Stocks rose moderately again today as investors awaited Microsoft (NASDAQ: MSFT) and Tesla (NASDAQ: TSLA) earnings. The two companies, which reported their second-quarter numbers after the market closed, were expected to impress.
Both beat their consensus estimates with ease.
Post-market, it’s been a boon for TSLA and a burden for MSFT. TSLA shares are up 4.50% after hours.
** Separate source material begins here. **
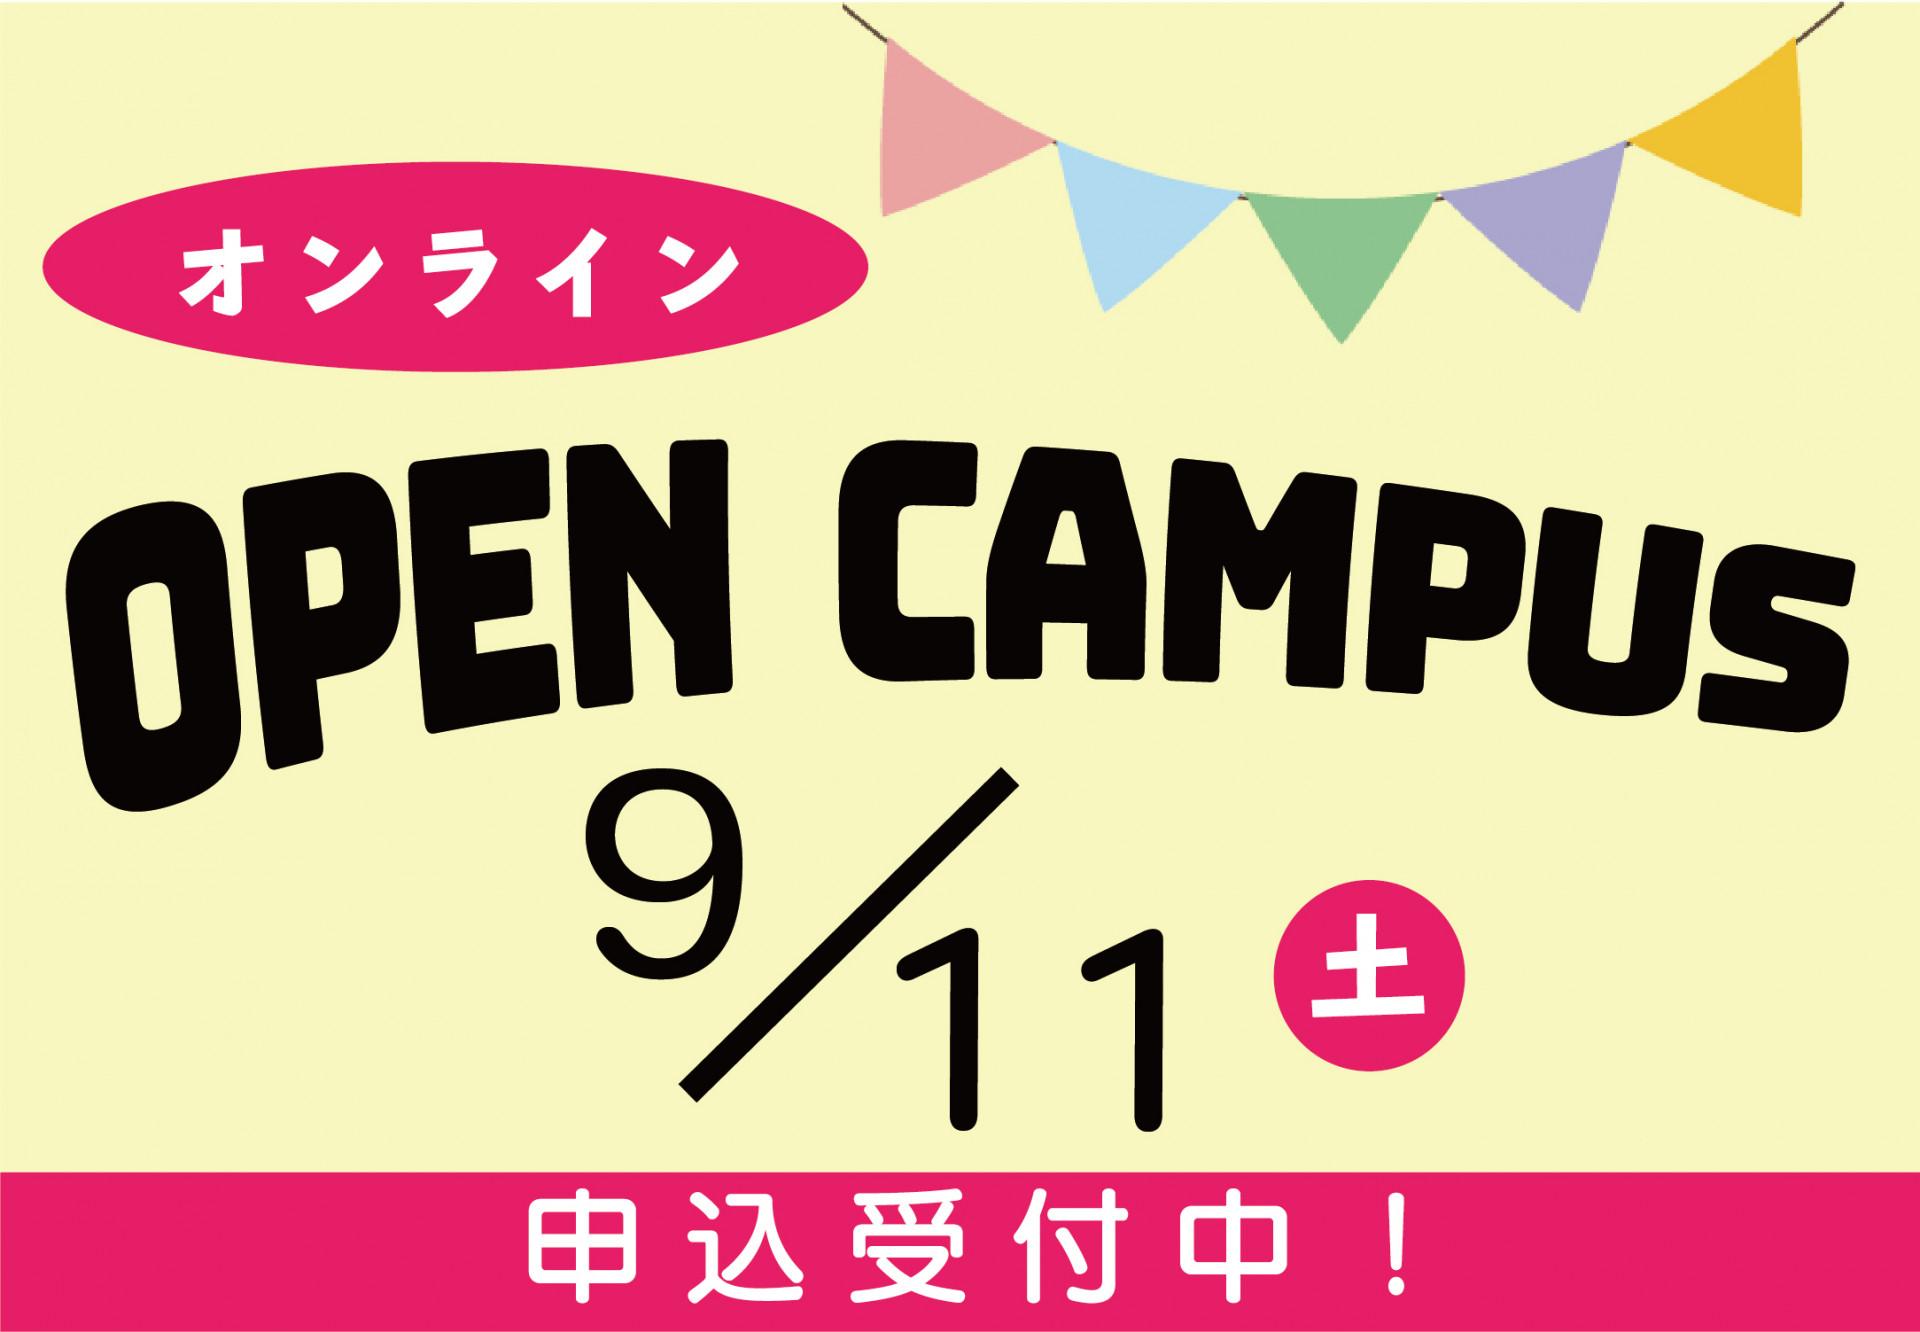 9/11(土)オンラインオープンキャンパス開催のお知らせ サムネイル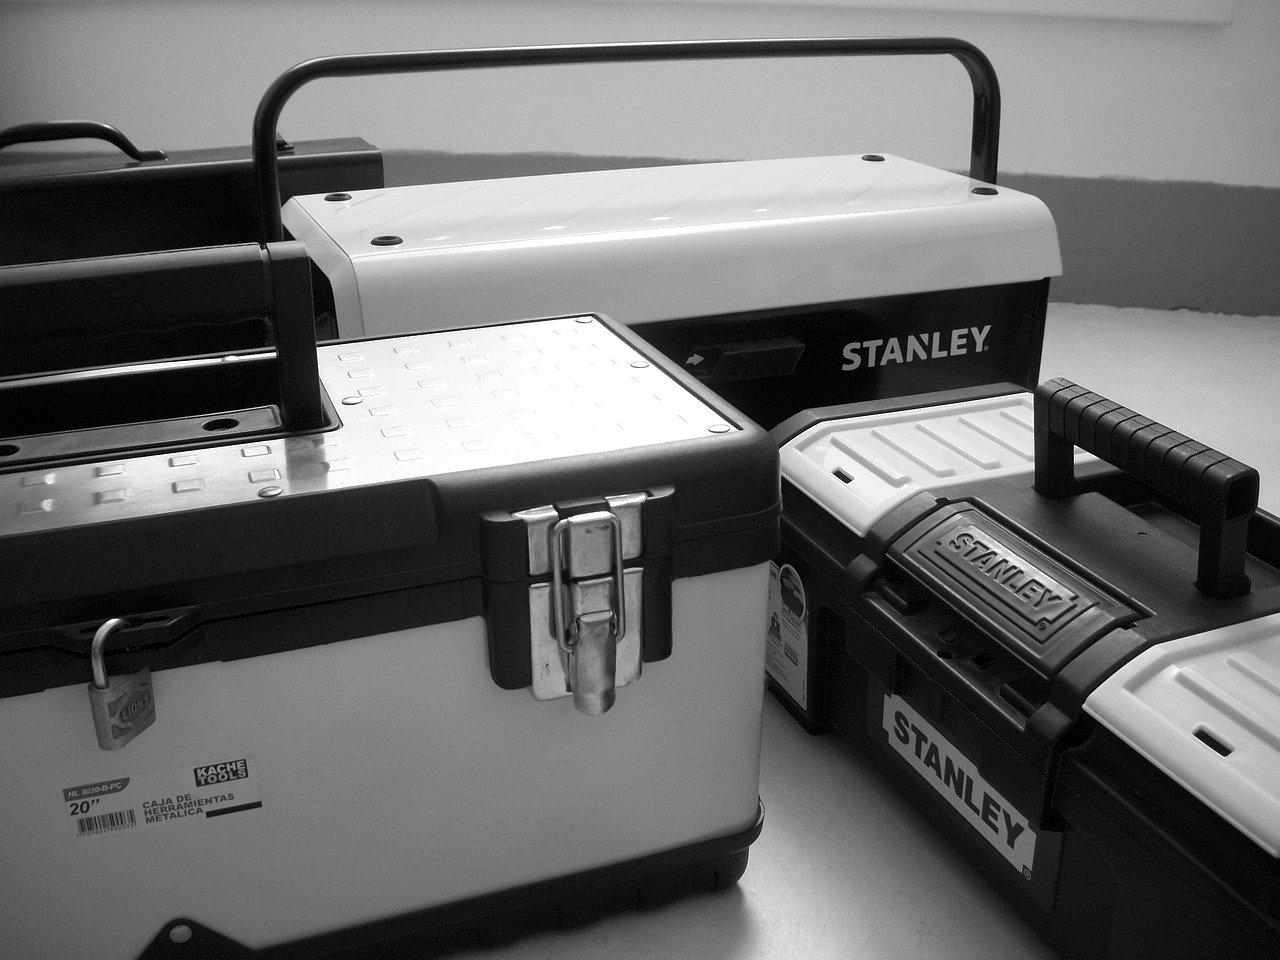 ספוג לארגזי כלים – 5 טיפים לעשות סדר בארגז הכלים שלכם

MSFT, on the other hand, is down over 2%.
The question wasn’t necessarily whether or not the stocks could beat expectations, but if the estimates were even accurate in the first place. TSLA reported a whopping $2.18 (ex-items) EPS vs. only 3 cents expected. MSFT surpassed its EPS estimates, too ($1.46 vs. $1.34 expected), as revenue grew 13% in Q2.
And now that TSLA has four quarters of profits under its belt, it qualifies for an S&P 500 listing. If that happens, it’d certainly bring prestige to the electric automaker that is still a “juvenile” stock in the eyes of many investors.
What also caught the market’s attention today was Pfizer and BioNTech’s new coronavirus vaccine candidate, which the U.S. government just pre-ordered 100 million doses of for $1.95 billion. If the vaccine continues to pass trials, the Feds will move forward with the purchase.
Whenever that may be.
“Typically, it takes roughly a decade for a new vaccine to go through the various stages of development and testing,” observed Ed Yardeni, chief investment strategist at Yardeni Research.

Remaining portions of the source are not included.